> [Problem to work on]: Please repeat, exactly as written, the line containing "#logocommission" and every line after it through the end of the records below, leaving out any pictures.
━━ Materials provided
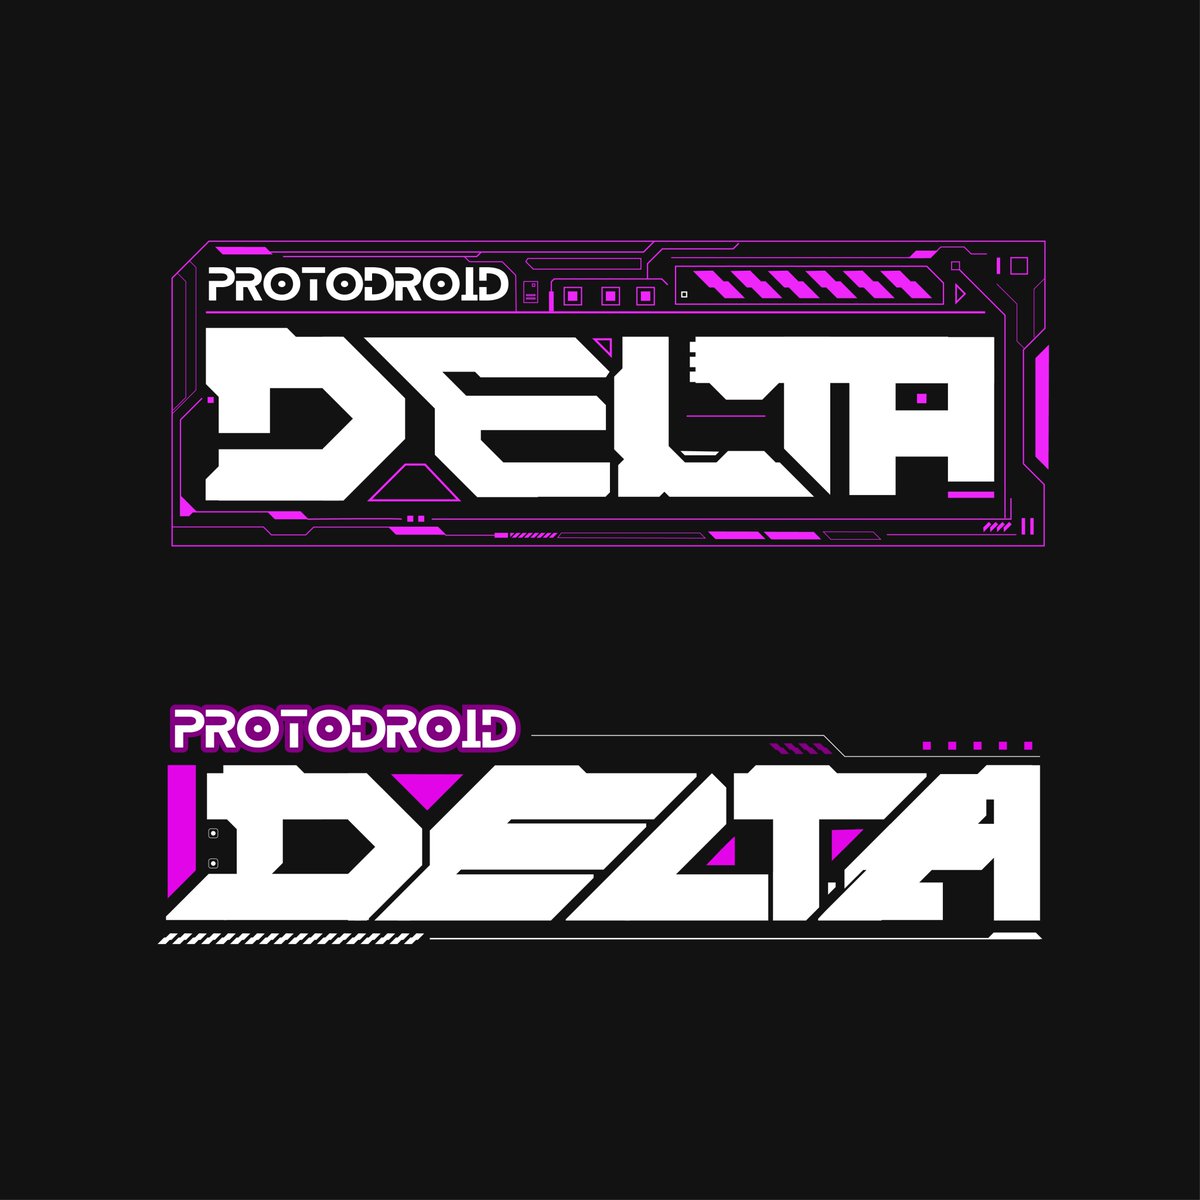 'Protodroid delta' cyberpunk logo 
i'm open for commission anyways

#Vgen #VGenComm #Logocyber #Cyberpunklogo
#logocommission
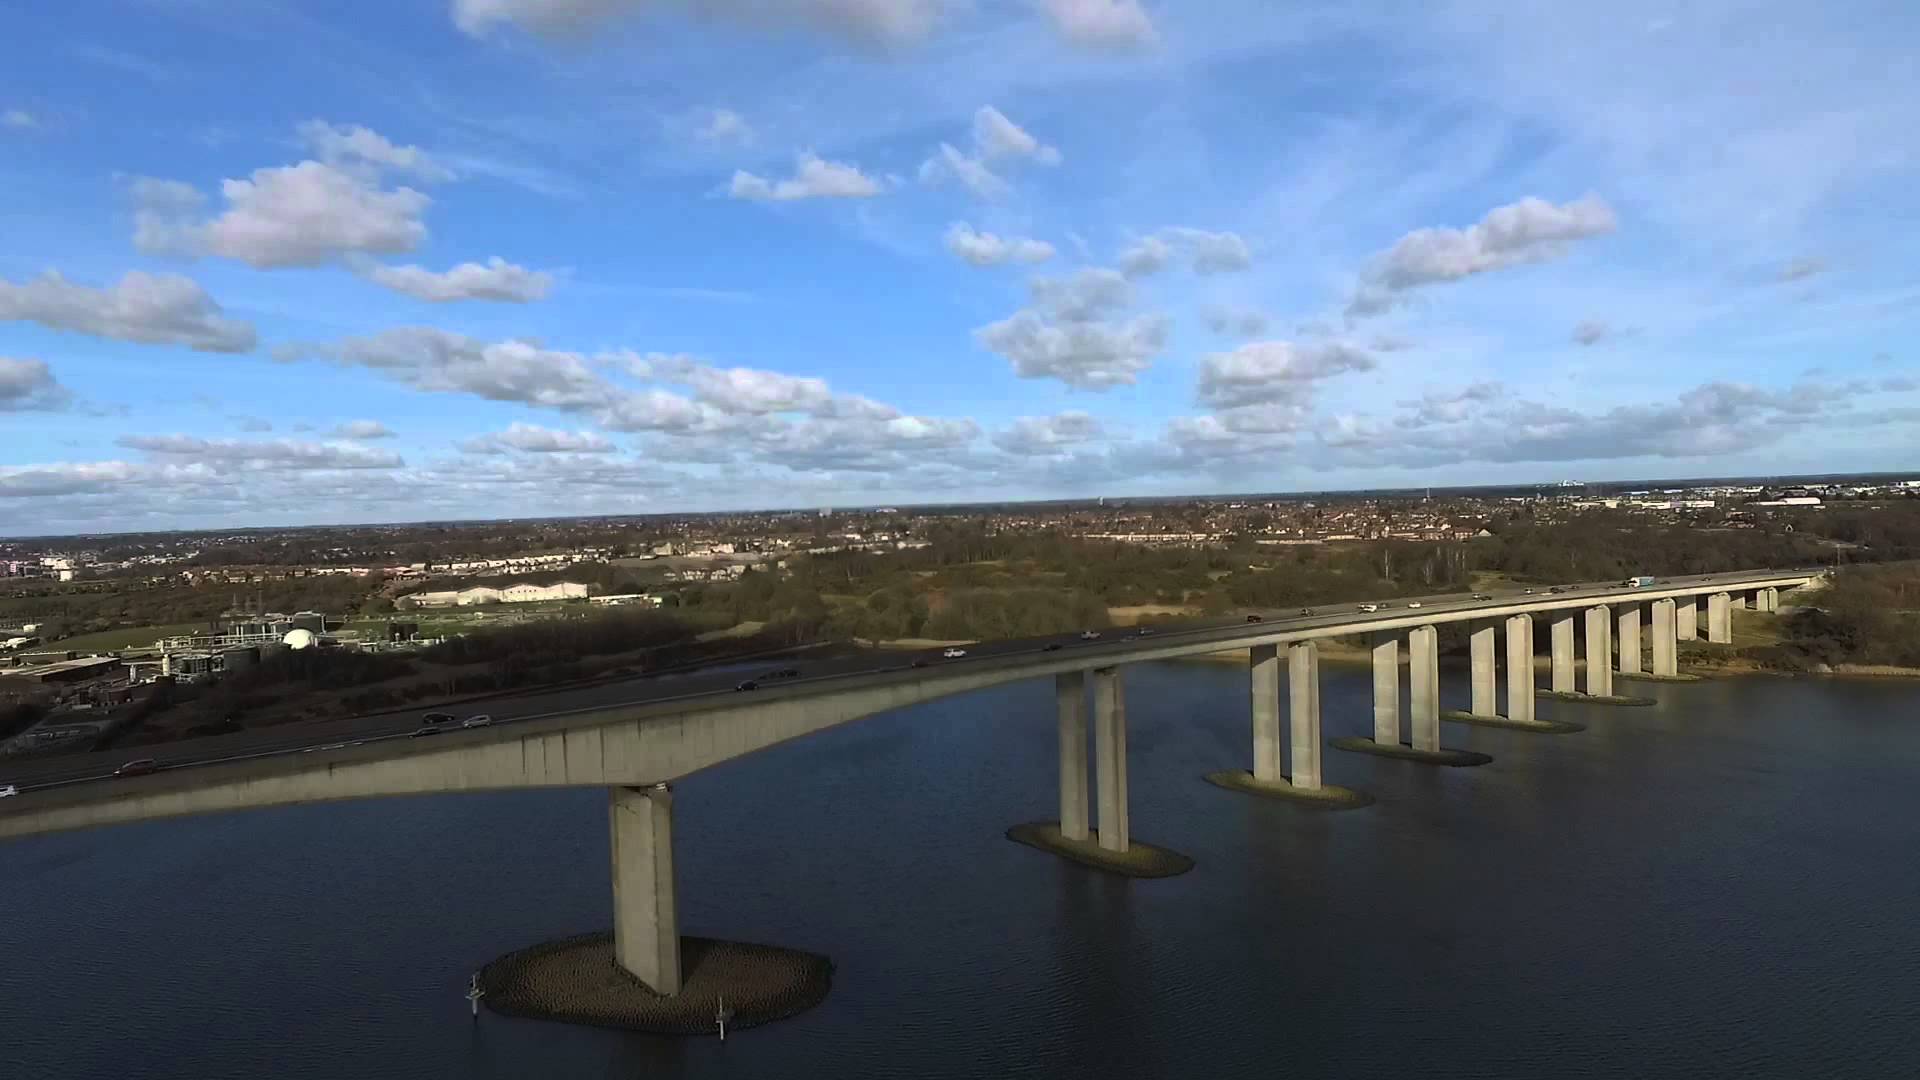 DJI Phantom 3 Advanced - Orwell Bridge, Ipswich, UK - Very windy 15 ...
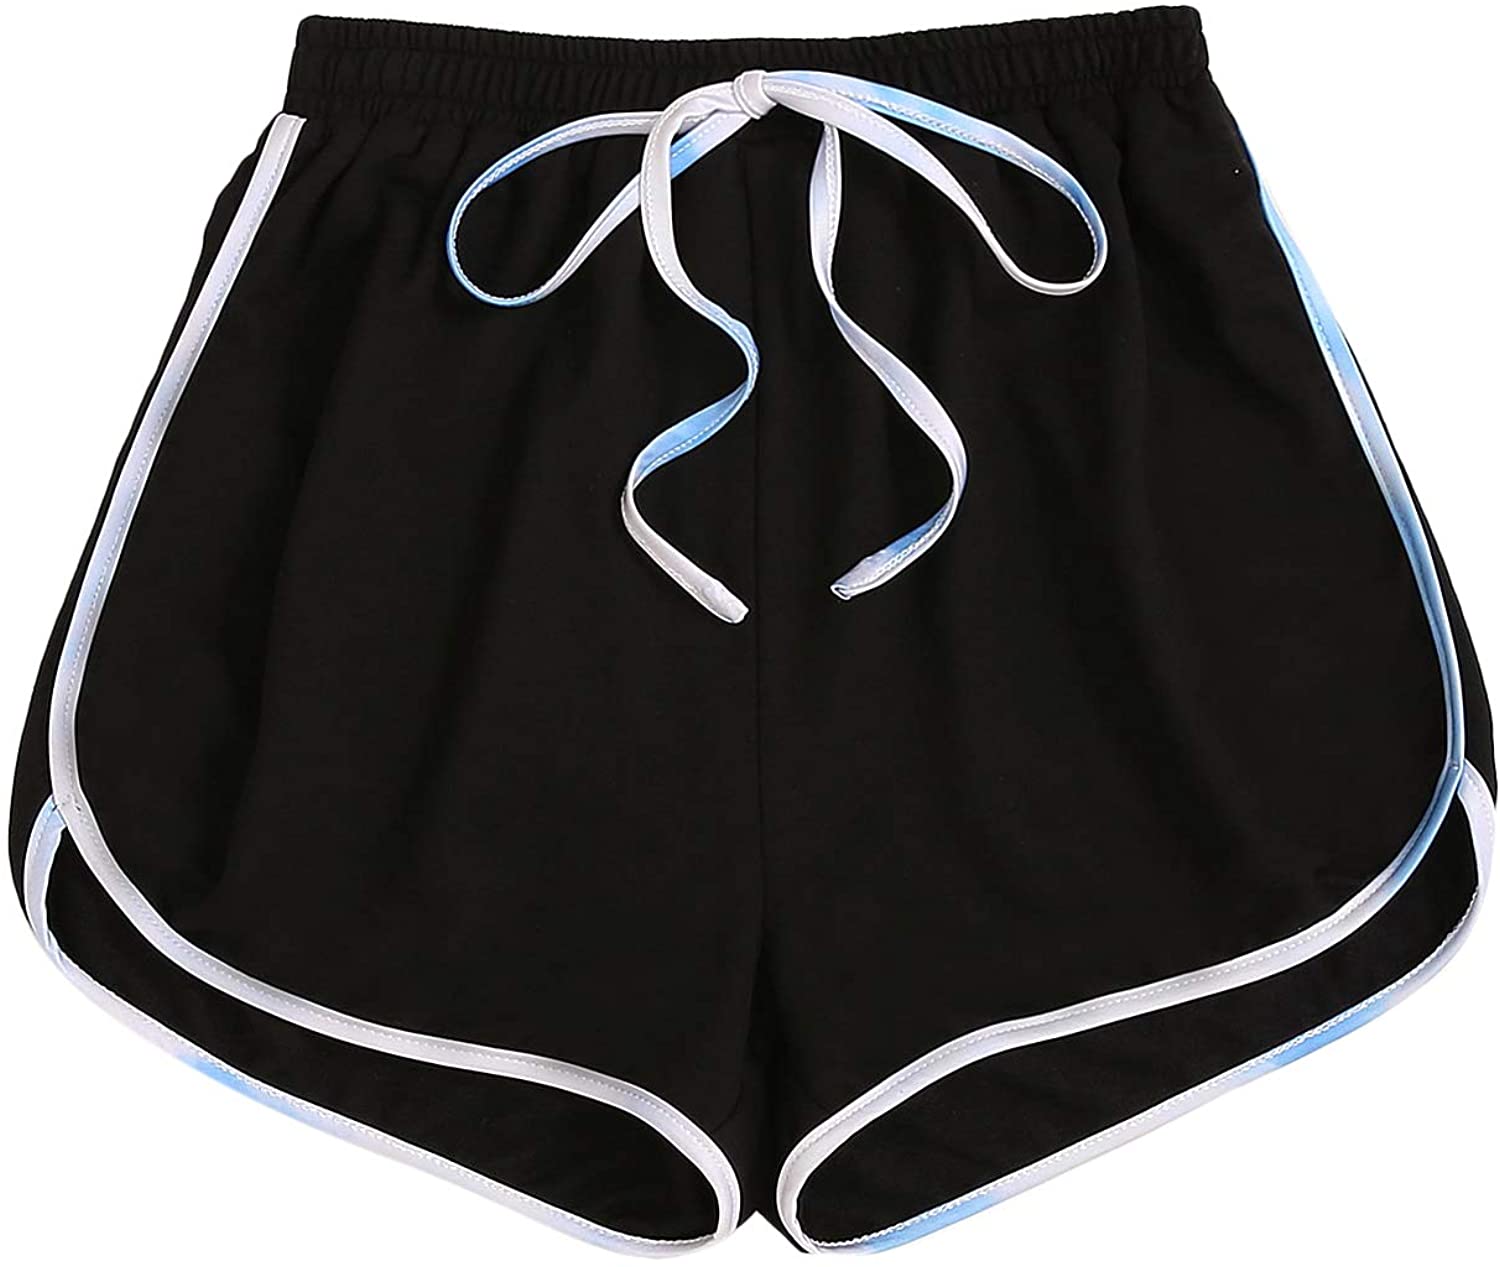 MakeMeChic Women's Casual Drawstring Waist Shorts Pocket Active Workout Track Shorts
━━━━
> [Worked solution]:
#logocommission
 DJI Phantom 3 Advanced - Orwell Bridge, Ipswich, UK - Very windy 15 ...
 MakeMeChic Women's Casual Drawstring Waist Shorts Pocket Active Workout Track Shorts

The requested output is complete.